FIG. 3 is a sectional view of a memory sheet type PDP for explaining the operation (1) of the embodiment (1).

FIG. 4 is a sectional view of a memory sheet type PDP for explaining the operation (part 2) of the embodiment (1).

FIG. 5 is a sectional view of a memory sheet type PDP for explaining the operation (3) of the embodiment (1).

FIG. 6 is a sectional view of a memory sheet type PDP for explaining the operation (first) of the embodiment (2).

FIG. 7 is a sectional view of a memory sheet type PDP for explaining the operation (second) of the embodiment (2).

FIG. 8 is a sectional view of a memory sheet type PDP for explaining the operation (3) of the embodiment (2).

FIG. 9 is an exploded perspective view of an example of a display discharge tube to which the present invention can be applied.

FIG. 10 is an exploded perspective view of a conventional display discharge tube.

FIG. 11 is a timing chart of a conventional example.

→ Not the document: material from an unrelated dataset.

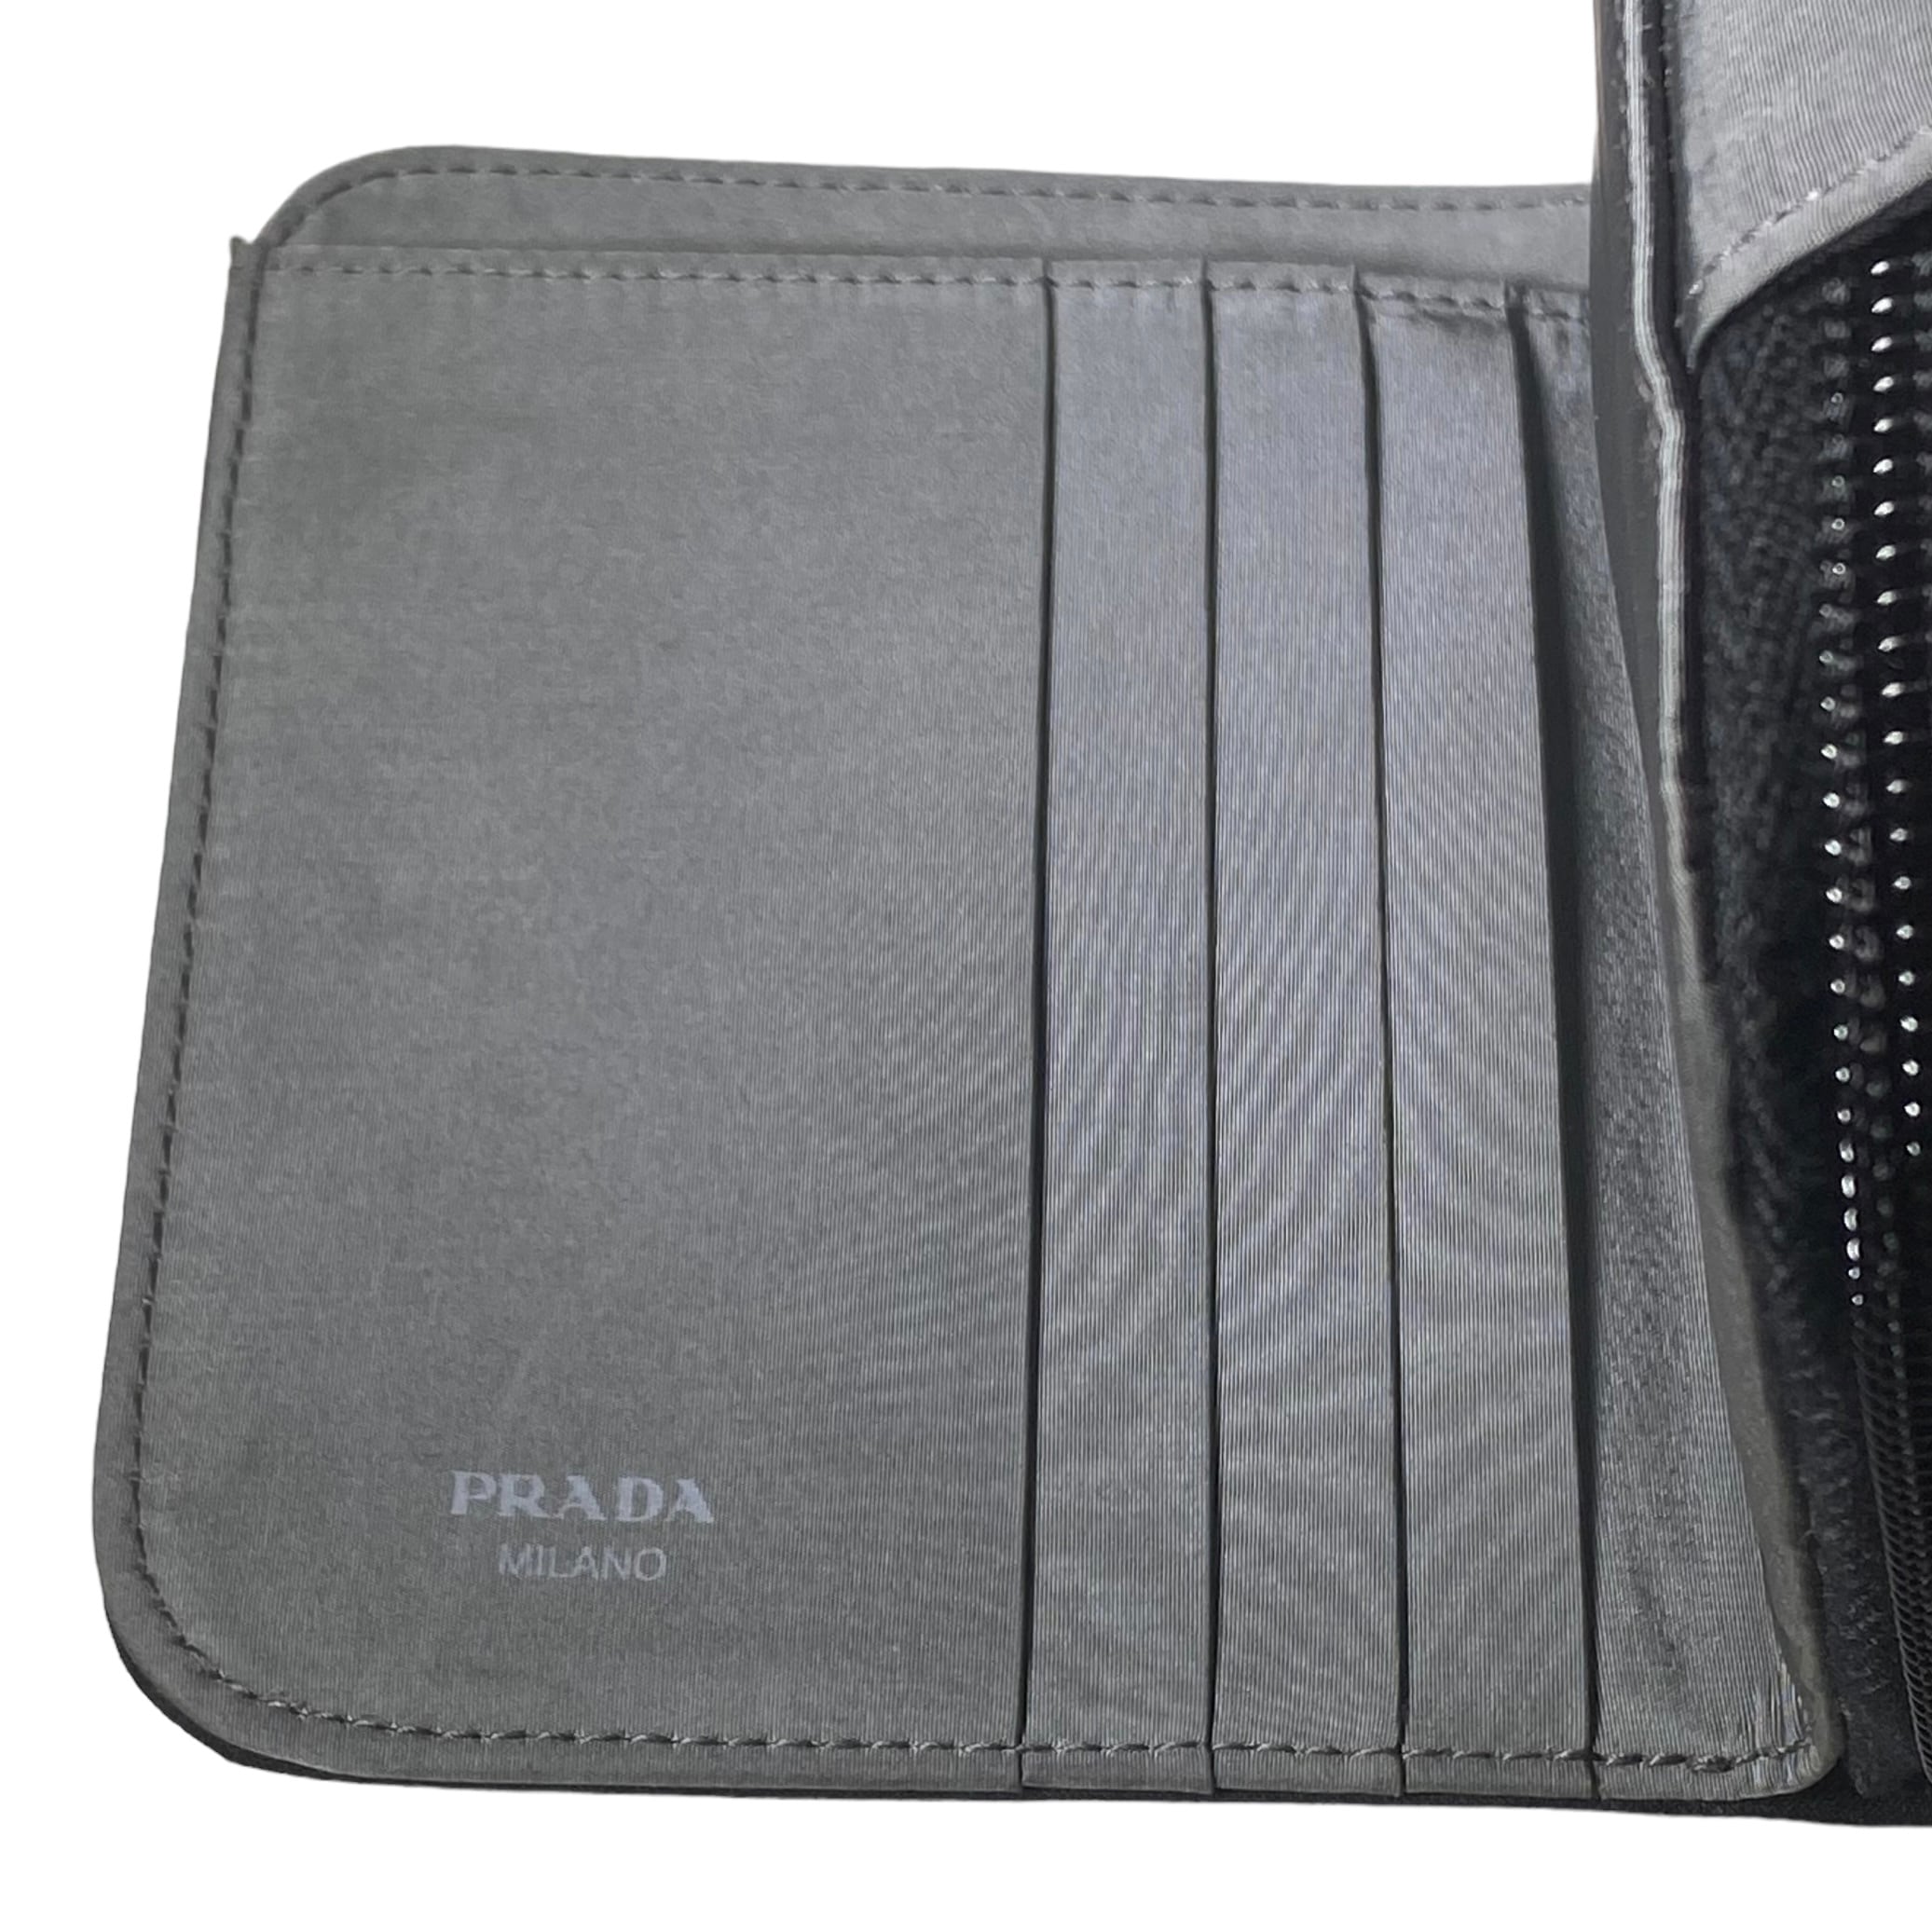 PRADA black technical fabric compact wallet | NOIR ONLINE

[Explanation of symbols] 1 address X electrode (anode) 2 address Y electrode (cathode) 3 memory A electrode 4 memory B electrode 5 front glass plate 6 back glass plate 7 insulating layer 8 phosphor

[Procedure Amendment 2]

[Document name to be corrected] Drawing

[Correction target item name] All drawings

[Correction method] Change

[Correction content]

[Figure 1]

[Fig. 2]

[Figure 3]

[Figure 4]

[Figure 5]

[Figure 6]

[Figure 7]

[Figure 8]

[Figure 9]

[Figure 10]

FIG. 11

Claims (2)

[Claims] 1. A display discharge tube having a single common pair of memory electrode plates and an address XY electrode group independent of them, on all cells on a screen or on a line to be addressed. When the address discharge by the XY electrodes is performed in a state where the wall surfaces of the pair of memory electrode plates of all the cells have no wall charges, the potentials of the pair of memory electrodes are discharged by the address discharge during the address period. The potential on one side is high with respect to the potential of the space, but is kept within a range that does not cause discharge with the low-voltage side of the address electrode, and the potential on the other side is low, but with high-voltage side of the address electrode. The charged particles generated by the address discharge are selectively accumulated in the cells at the positions corresponding to the image as negative and positive wall charges by keeping the wall charges in a range where the wall charges do not occur. The driving method of a display discharge that is, the display discharge tube to continuously cause memory discharge as. 2. In the display discharge tube, positive and negative wall charges are uniformly applied to the wall surfaces of the pair of memory electrode plates of all cells on the screen or all cells on a line to be addressed. When the address discharge is performed by the XY electrodes from the existing state, both the potentials of the pair of memory electrodes are maintained at substantially the same potential as the potential of the discharge space generated by the address discharge during the address period, and each of the pair of memory electrodes is By recombining the wall charges accumulated on the wall surface of the wall with the charged particles generated by the address discharge, the wall discharge is selectively erased corresponding to the screen, and the display discharge, that is, the memory discharge is continued by using the presence or absence of those wall charges as position information. A method for driving the above-mentioned display discharge tube which is caused to occur.